Какой вой подняла Эбби! Но Джош – ей придется потом похвалить его, может быть, купить ему Пакет расширения для «Итальянского хлеба» – прошипел что-то сестре, после чего они пошли прочь из захламленной кухни (мимо чего-то вроде коленчатого вала на противне, мимо сушеного красного перца, плавающего в жестянке с зеленой краской), а хозяйка дома трусила следом, говоря, постойте, постойте, можете взять его бесплатно, пожалуйста, возьмите – она и в самом деле хотела, чтобы они его взяли.
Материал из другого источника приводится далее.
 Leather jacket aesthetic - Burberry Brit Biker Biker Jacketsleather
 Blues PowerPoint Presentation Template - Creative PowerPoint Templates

Но Мари сказала нет, они не смогут взять его сейчас, она чувствовала, что человек не должен что-то иметь, если он не может обеспечить своей собственности надлежащий уход.
– Ох, – сказала женщина, вся обмякнув в дверях; за одно ее плечо цеплялся щенок.
Сев в «лексус», Эбби тихонько заплакала, повторяя:
– Нет, правда, для меня это был идеальный щенок.
Щенок и в самом деле был хорошенький, но Мари ничуть не собиралась потакать дочери в такой ситуации.
Нет – и все.
Мальчик подошел к забору. Если бы только она одним взглядом могла сказать ему, «Жизнь не обязательно будет всегда такой. Твоя жизнь, может быть, расцветет во что-нибудь замечательное. Это может случиться. Это случилось со мной».
Но тайные взгляды, взгляды, которые передавали целый мир смыслов своим тонким бла-бла-бла, – все это была полная ерунда. Не ерундой был звонок в Агентство защиты детей, где у нее была знакомая, Линда Берлинг, такая дама церемоний разводить не станет, увезет этого несчастного малыша с такой скоростью, что тупая голова жирной мамаши завертится, как юла.
– Бо, через секунду вернусь! – прокричала Келли и, разводя кукурузные стебли вовсе не щенячьей рукой, шла и шла, пока не осталось ничего, кроме кукурузы и неба.
Он был такой маленький, когда она поставила его на землю, не шевельнулся, только принюхался и упал.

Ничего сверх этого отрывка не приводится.